The 2012 Colorado Avalanche Charity Brunch: A Fan's Perspective
This year, however, I finally got to attend the event live and in person thanks to a 2011 Christmas gift from my wonderful wife. :)
The event was very elegant and well put together, and was hosted by the Avs Better Halves, the wives and girlfriends of the players. The event began with a silent auction of the Avs' "Favorite Things" baskets. Each player put together a gift basket of his favorite things, and which were all auctioned off.
Many included autographed jerseys, sticks, their favorite movies, video games, and even some of their favorite beverages.
Paul Stastny went with a Mad Men theme in honor of one of his favorite shows. He had a shirt and tie from the show as well as a bottle of Stranahan's Colorado Whiskey and seasons one through five of the cable TV show.
Most of the baskets sold for around $500 to $1000. I had a couple introductory bids on baskets, but didn't end up winning anything.
The Better Halves also sold mystery-signed pucks. I got Chuck Kobasew's and Assistant Coach Sylvain Lefebvre's. One lucky kid got the golden-signed Milan Hejduk puck, which gifted him a suite for the upcoming game against Vancouver.
Next up was the lunch. There were seven lines with four players and coaches in each line. Although each line had the same food, I made sure to go through each and every line in order to meet every player. By the time I was done, my plate probably weighed seven pounds and could have fed an entire family!

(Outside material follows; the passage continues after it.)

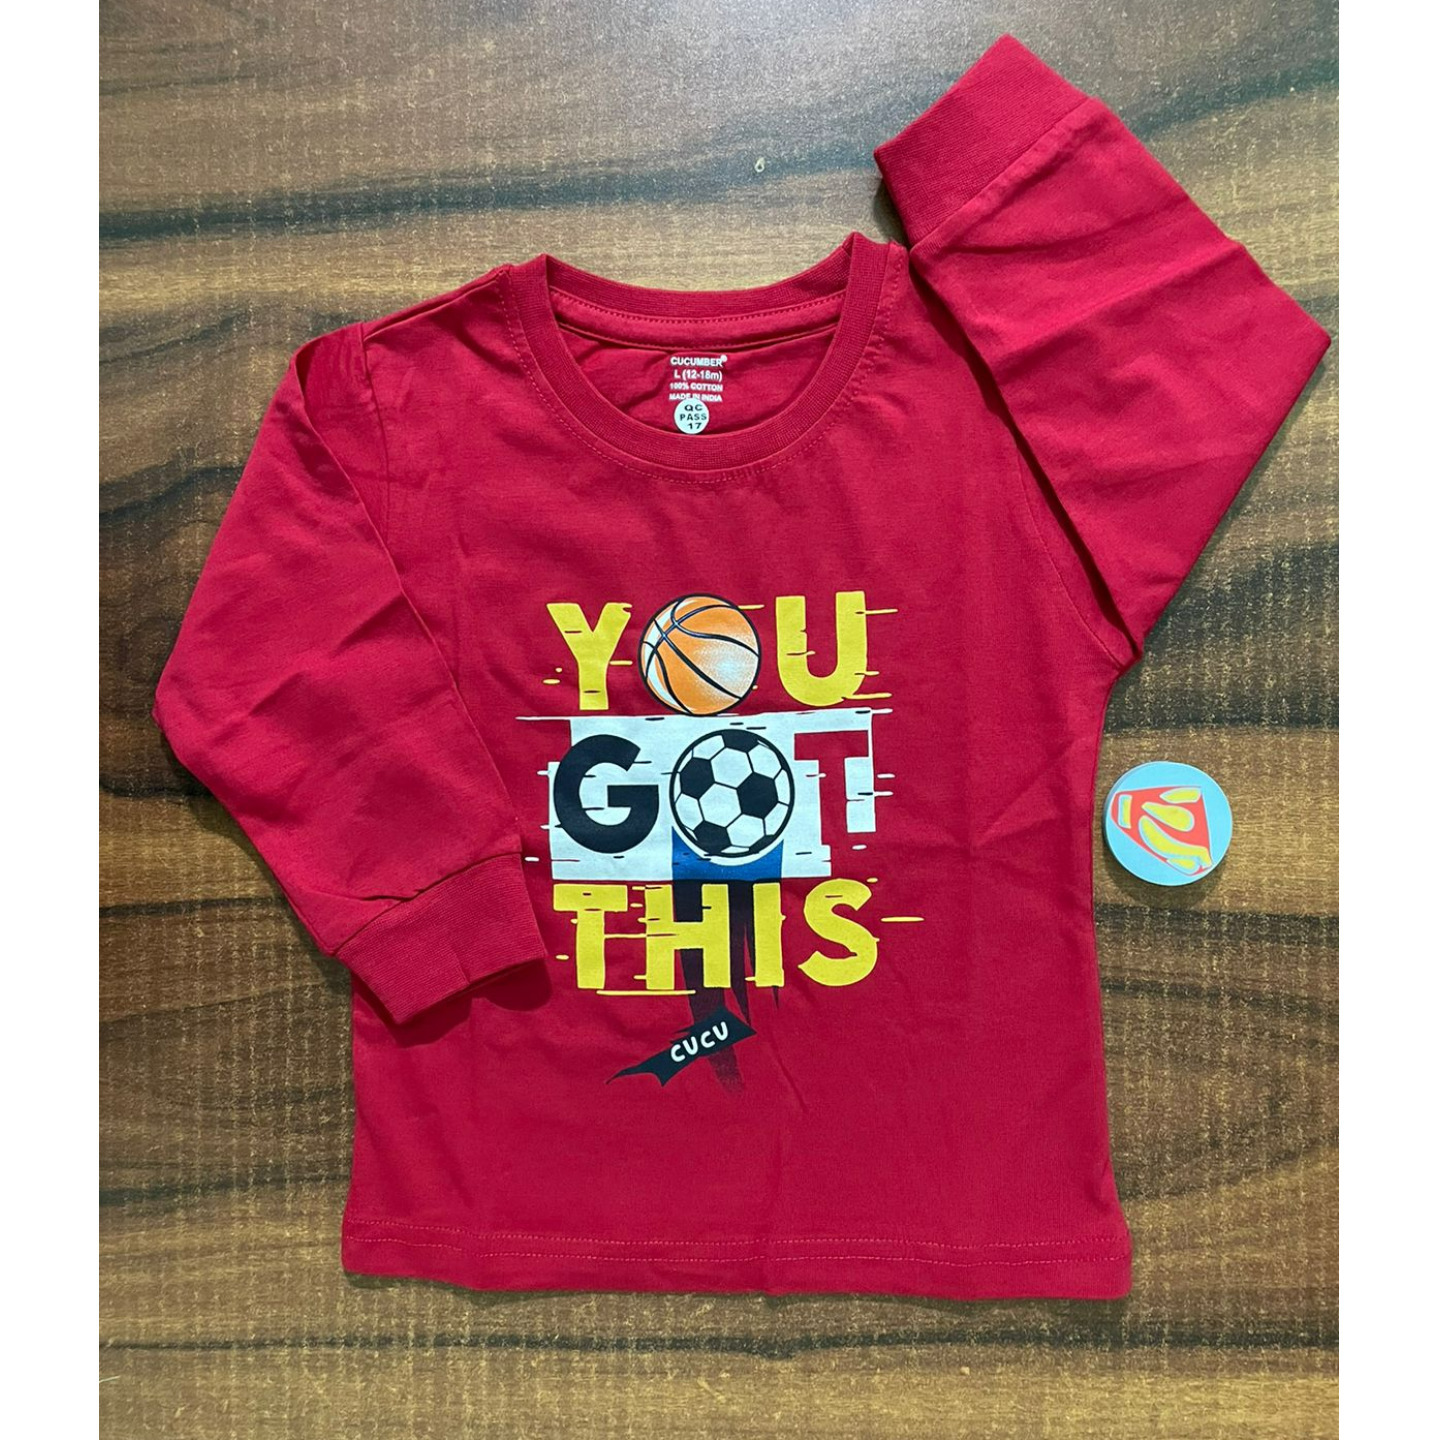 Cucumber Newborn Infant Baby Full Sleeves T-Shirts 0-3 Years

Now I'm sure the event was mandatory for all the players, but to a fan, it certainly did not seem so. Each and every player made the impression that they wanted to be there and that they were having just as good of a time as we the fans were.
Every single player was willing to talk to you when you came through his line, have a laugh or two and really show you how down-to-earth and how cool of guys they are.
I was nearing the end of my run when I approached Ryan O'Byrne and Paul Stastny. O'Bryne asked if I wanted some more eggs. Stastny, laughing, turned to O'Byrne and said, "look at how much he's got! He doesn't need any more."
O'Byrne grinned and said I could fit a bit more on there. I graciously accepted and moved along with my massive plate. Seriously, it put Thanksgiving plates to shame!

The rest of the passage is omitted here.